Choosing a broker is like choosing a mate, but harder.
There is no real estate Tinder, so you have to go out and find your broker the old fashioned way. In case you need ideas on how to stalk Brokers, see the list below:
- Walk your neighborhood for signs.
- Go online to a real estate website to get names. Look around to see what offices are in the area you want to work in rather than the one you live in.
- Go to open houses. Talk to the agents there. Ask about the company they work for and engage in conversation. Tell them that you are about to get licensed and need pointers. Most agents will be glad to talk to you. Some will even try to recruit you to their company.
- Friend/follow agents on social media in the field and stalk their friend list. Agents often discuss their brokerage. You will be able to get an idea about the culture and training as well as the pros and cons of individual offices.
- Network with other students from your real estate class. You will all be going through the same process, so share knowledge and questions with your peers.
Once you identify the brokers that you want to interview with, set up meetings. Make sure to be on time (not early or late) for your meeting and be dressed professionally. Some agents bring a resume with them, but I do not think it is necessary. I suggest researching the company and the office to walk into the meeting informed. Be prepared with a list of questions, as well as expecting them to give you a presentation on why their brokerage is best. Most brokerages are looking to hire as many agents as they can, so it is almost a sure thing that you are hired the moment you walk through the door. Despite this fact, come in armed with a plan to share with the broker on how you are going to obtain clients.

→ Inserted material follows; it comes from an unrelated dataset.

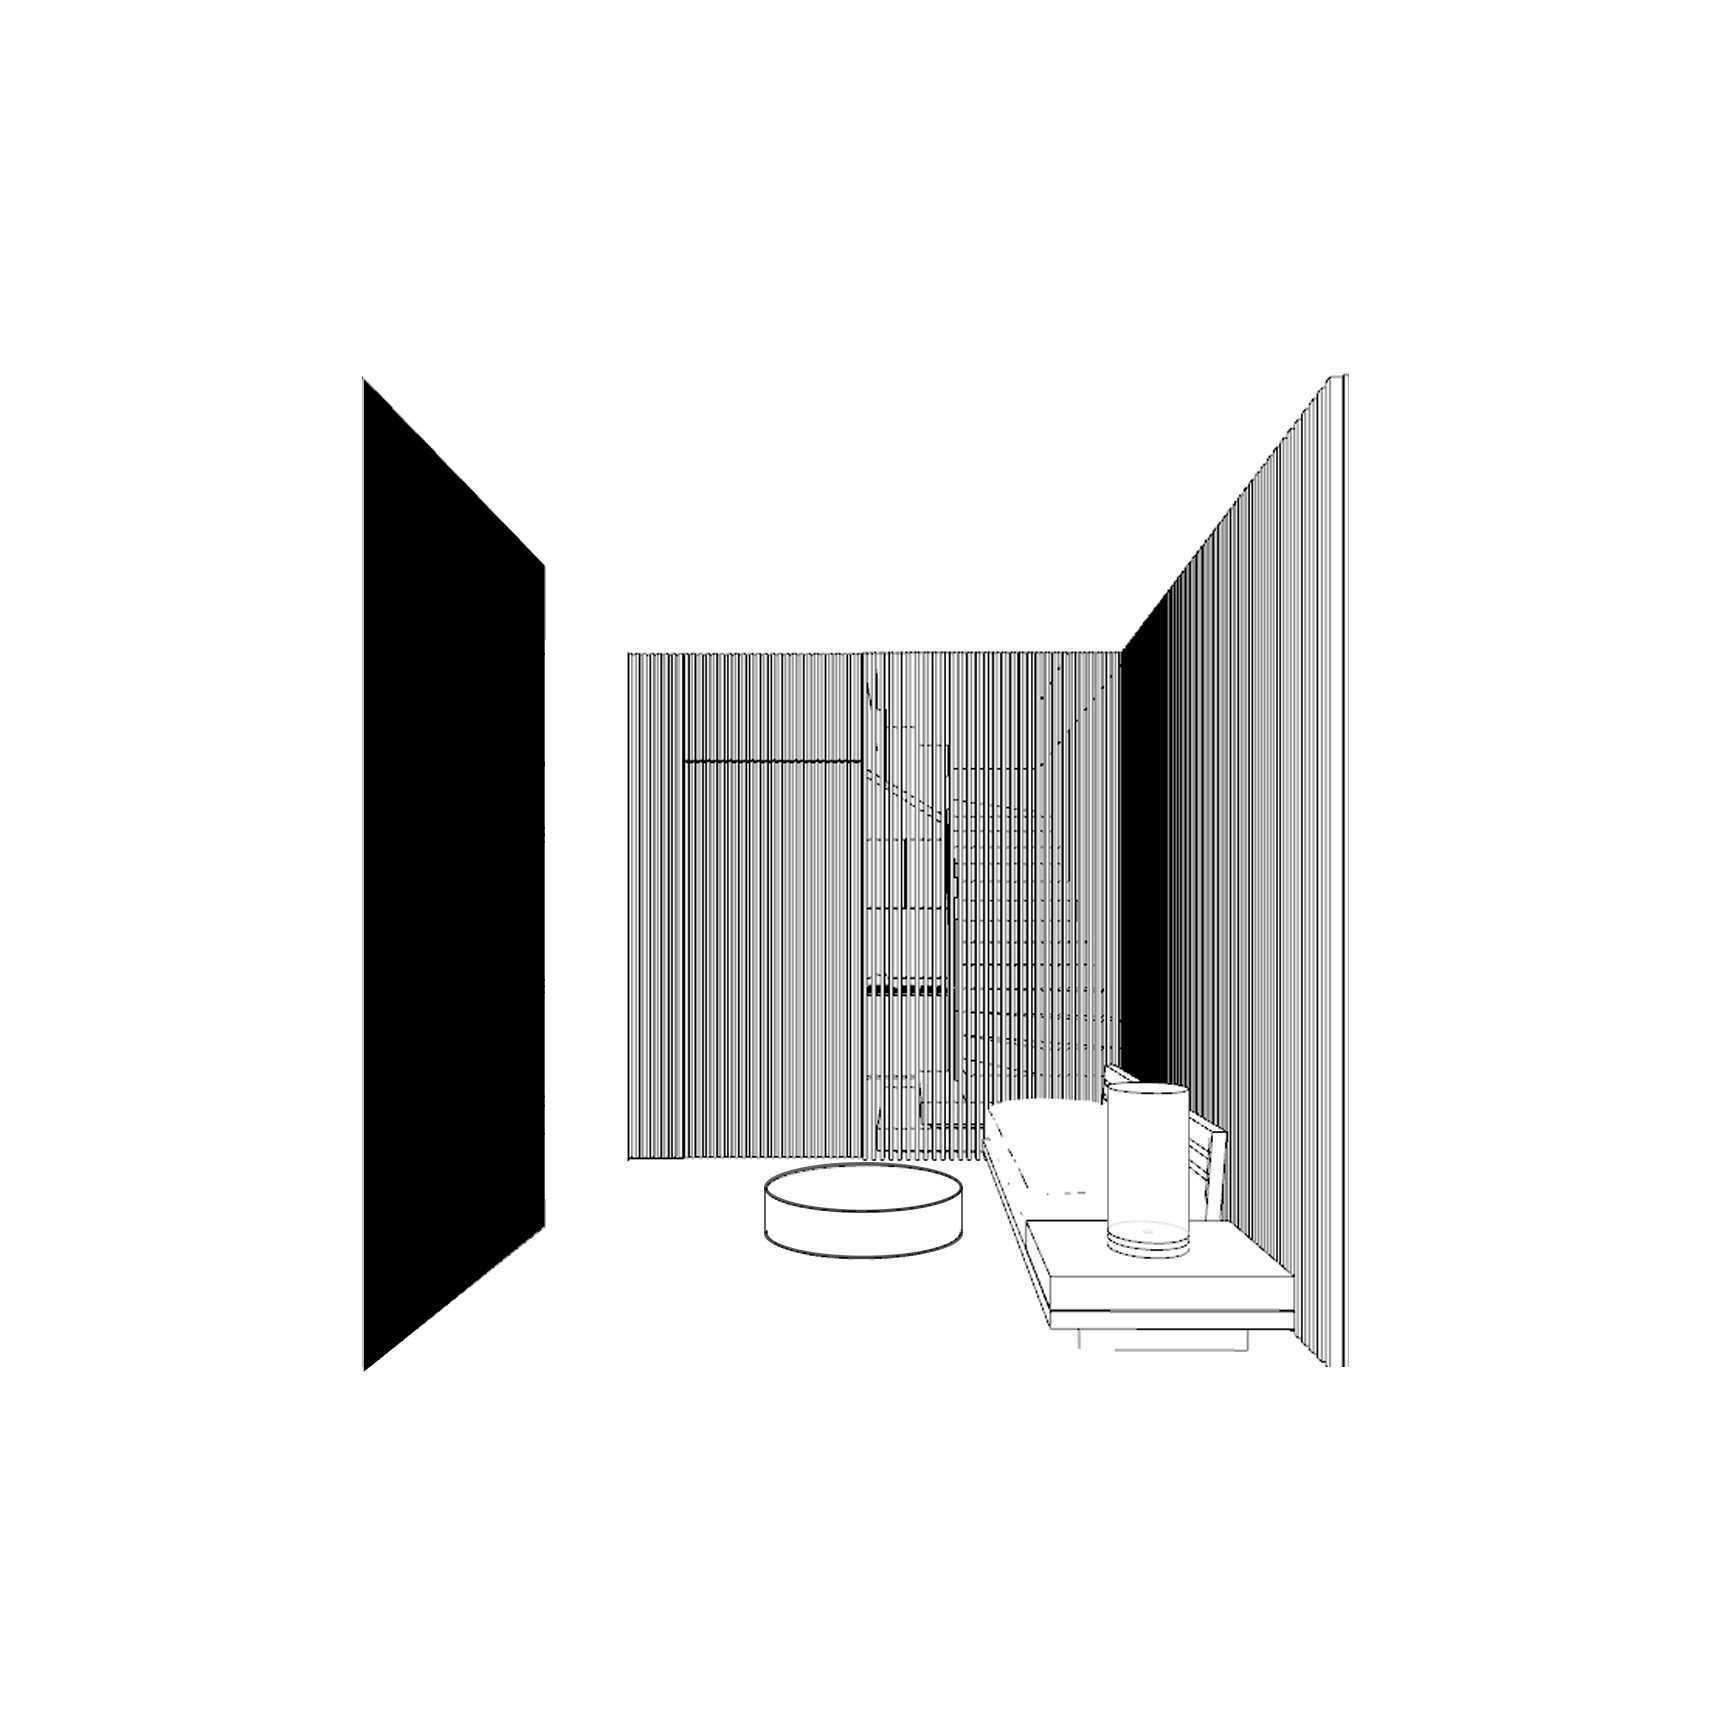 Mitrasasana - Design & Build Yg House Bekasi, Kota Bks, Jawa Barat, Indonesia Bekasi, Kota Bks, Jawa Barat, Indonesia Mitrasasana-Design-Build-Yg-House  78696

There are many questions to ask. Here is a list to get you started:
- What kind of training do you offer?- You will need training on how to write up contracts, how to show property, use the MLS, submit office files and so forth. Find out how the broker plans to train you. Are there classes, videos or one on one? Do you have to pay for the classes?
- Who will my supervisor be? Do I have direct access to them for help? Lack of training and support is usually the reason why good agents fail, and it isn’t their own fault. Real Estate isn’t rocket science, but the stuff you learned in class is only the beginning. The real learning begins once you have your first client. Set yourself up for success by making sure there will be training and support readily available.
- How do we handle conveyancing? Is there a conveyancer or do you do it yourself? Is there a charge to the agent? The client?
- How much flexibility do you have with listing contracts? Is there a minimum length or commission that the broker requires? Do you allow Exclusive Agency? These are higher level questions that may not resonate with you yet, but be aware of them- they will begin to make more sense as you gain experience. They are indicative of the flexibility of the office policy and the amount of creativity the broker allows. In my office, we have a motto: If it is ethical and it is legal, we can do it! Whatever it takes to make the deal work for the client.
- Do you allow teams? Do you allow partners?
- Where is my business coming from? Do you supply leads? Do you charge for them?
- Do you carry E&O insurance? Do you pay? What is the charge to me? E&O is Errors and Omissions and it covers you in the case of a claim. A doctor wouldn’t practice without malpractice insurance, so don’t even consider working for a broker who doesn’t carry E&O.
- What are your fees to buyers? To sellers? To agents? Some companies pass conveyancing or transaction fees along to buyers or sellers. Be aware of this and reach inside to see how you feel about it. Although it is common practice in the industry, it doesn’t feel right to me, so we don’t charge any fees. When I was an agent, I worked for a large company for a short time and they charged a $395 fee to the buyer at settlement. Everytime I had to explain it to the buyer I got a little bit of anxiety because it felt wrong to me to charge them extra for just doing my job. And the fee went to the company, it didn’t even go to me.
- What is the commission split you offer? Even if a broker promises you a large split, be sure to take into account any fees they charge you that end up offsetting that large split. Also be aware of something that sounds too good to be true, because as my mother always said….
Make note that the commission split was the very last question on the list. Most people make this one first on the list, but there are so many more important items to discuss before that. This is only a partial list of questions to ask, and some of them may not pertain to you and your business. As you interview with brokers and hear their presentation, it may bring topics to your awareness
3 Important things to remember:
- You are in the position of power here. Some brokers might not want to tell you that, but I will. That license you have is valuable, and most brokers would be thrilled to have you. You help them grow the company and bring in revenue.
- Most people don’t marry their high school sweetheart. You don’t have to find your forever home right now. You don’t know what you don’t know and this is a learning process. Pick the office that feels like the best fit and then get started. You can always move as you grow.
- As stressful as this is, remember that change is often hard but the pain will be worth it. You chose a career in real estate, so get moving and get started.
I hope this list of questions is helpful, but the most important criteria of all in choosing a broker isn’t on any list. It is a feeling in your gut, and your gut is usually right. Use these questions as a way to help your intuition make a decision. The place you choose to hang your license will not only have an impact on your success or failure in the real estate business, it will have an impact on your life as a whole. When you find the right fit- the place to call home- you will achieve balance and “work to live” rather than “living to work.”